Mike Ashfield, Rachel Robison-Greene, Patrick Mason, and Michael Otteson were awarded $1,000 from the American Philosophical Association’s Berry Fund for Public Philosophy. The funds from this grant will be used to organize a public-facing panel at the Logan Tabernacle on the question of philosophy’s compatibility with the LDS faith.
Mustafa Banister published “Across Sea and Ocean: Transmitting and Receiving Caliphal Sovereignty Claims between the Late Medieval Cairo Sultanate and the Sultanates of India” in the Journal of Middle East Medievalists in a special dossier issue on the Indian Ocean world. Banister also published “’Knowledge of the Three Shone in One’: Contextualizing al-Sakhāwī’s Perceptions of Islamicate Trilingualism in the Ḍawʾ al-Lāmiʿ” in the Mamlūk Studies Review.
John Crow’s book, co-authored with Elizabeth J. Harris, The Life of Allan Bennett, Bhikkhu Ananda Metteyya was published by Equinox Publishing Ltd in 2025.
Mark Damen was recently announced as the Norm Jones Faculty Fellow for 2026. Damen received $4,000 in recognition of his work and will hold the title “Norm Jones Faculty Fellow” for the 2026 calendar year.
Chad Ford was interviewed for a Salt Lake Tribune article by Gordon Monson that discusses Ford’s journey from sports writer to professor at USU.
Rachel Robison-Greene’s op-ed, “The Temptations of Nostalgia” in 3 Quarks Daily was recognized by the American Philosophical Association as a winner of their Public Philosophy Op-Ed Contest in 2025.
Rachel Robison-Greene, Charlie Huenemann, and Michael Otteson were invited to talk on UPR’s “Access Utah” segment with Tom Williams about World Philosophy Day in November, 2025. You can listen to the segment here.
Amanda Katz, currently in Greece as a Fulbright U.S. Visiting scholar, will be delivering the keynote address for their 4-day symposium Freedom 250 Seminar: Celebrating 250 years of United States Independence: historic Ties and Democratic Bonds with Greece in Athens.

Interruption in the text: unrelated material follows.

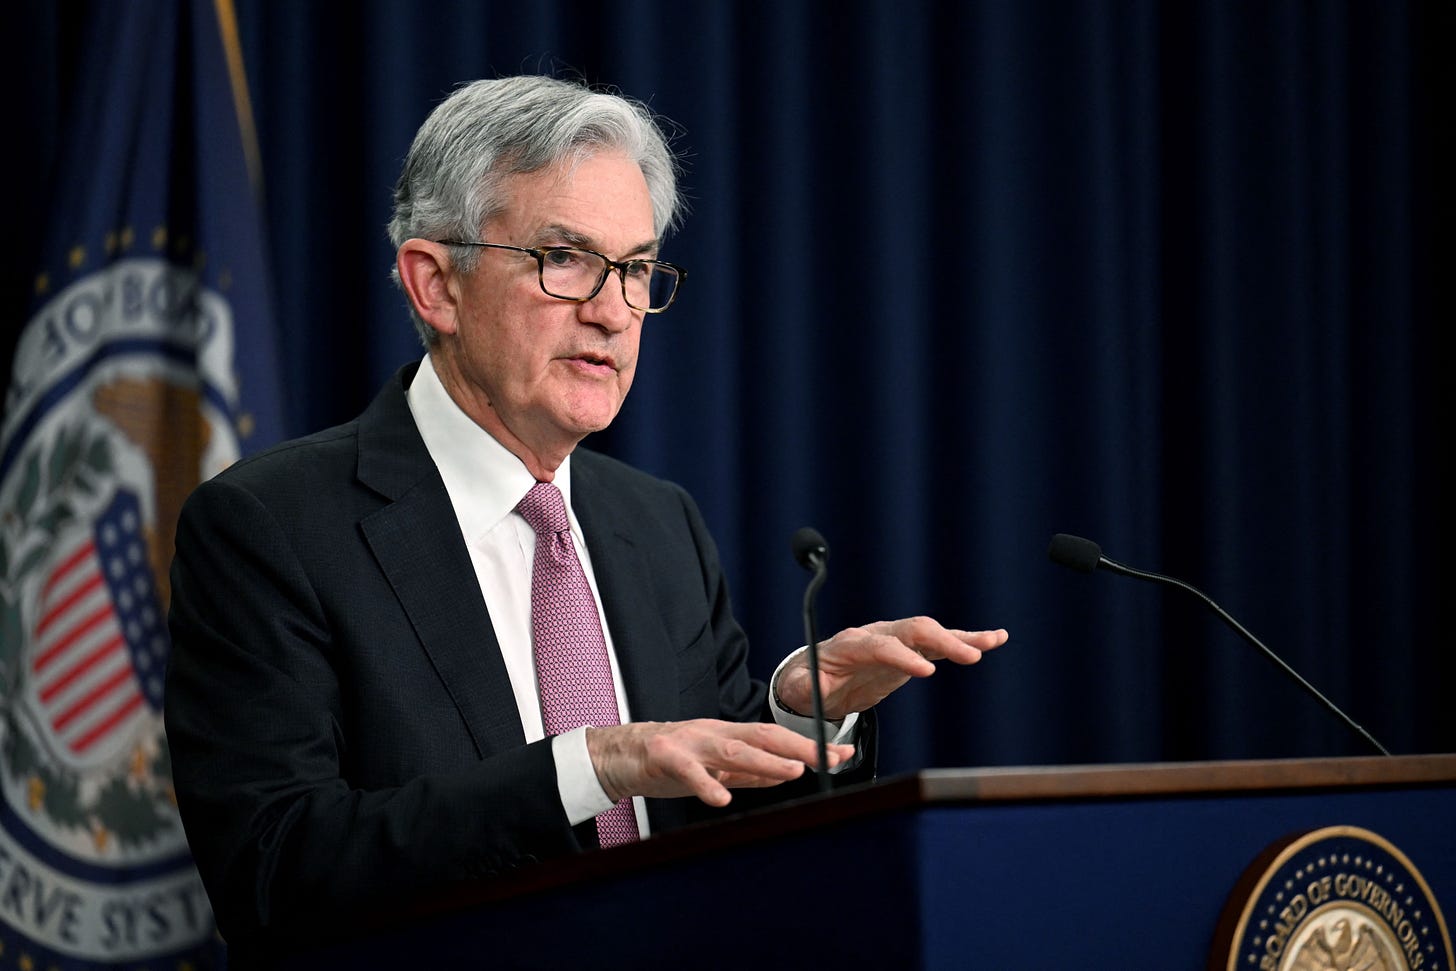 US Federal Reserve Chairman Jerome Powell speaks during a news conference in Washington, DC, on May 4, 2022. - The Federal Reserve on Wednesday raised the benchmark lending rate by a half percentage point in its ongoing effort to contain the highest inflation in four decades. (Photo by Jim WATSON / AFP) (Photo by JIM WATSON/AFP via Getty Images)

Colleen O’Neill’s book Waging Sovereignty: Native Americans and the Transformation of Work in the Twentieth Century was published by The University of North Carolina Press in February, 2026.
James Sanders recently published an essay titled, “`The World Has Celebrated’: The 1860s as Turning Point in the Global History of Colonialism, Republicanism, and Democracy,” in the book Transatlantic Monarchisms in the Americas and Europe, 1812-1868, edited by Rodrigo Escribano Roca and Rebeca Viñuela Pérez.
Susan Shapiro co-edited a special issue (33.2) of Mediterranean Studies, titled “Human Rights as a Developing Concept in the Mediterranean.” Shapiro wrote the Introduction to the issue, and one of the articles, “The Foundations of Human Rights in Ancient Greek Thought,” as well as co-writing the editors’ Introduction.
Dominic Sur was invited to give a talk about his current research at the annual conference organized by the Tsadra Foundation. Sur’s talk, entitled “Old School (nyingma) Philosophical Vajrayāna,” on November 12th, discussed his ongoing work documenting Tibetan innovation and developments in the history of Buddhist philosophy.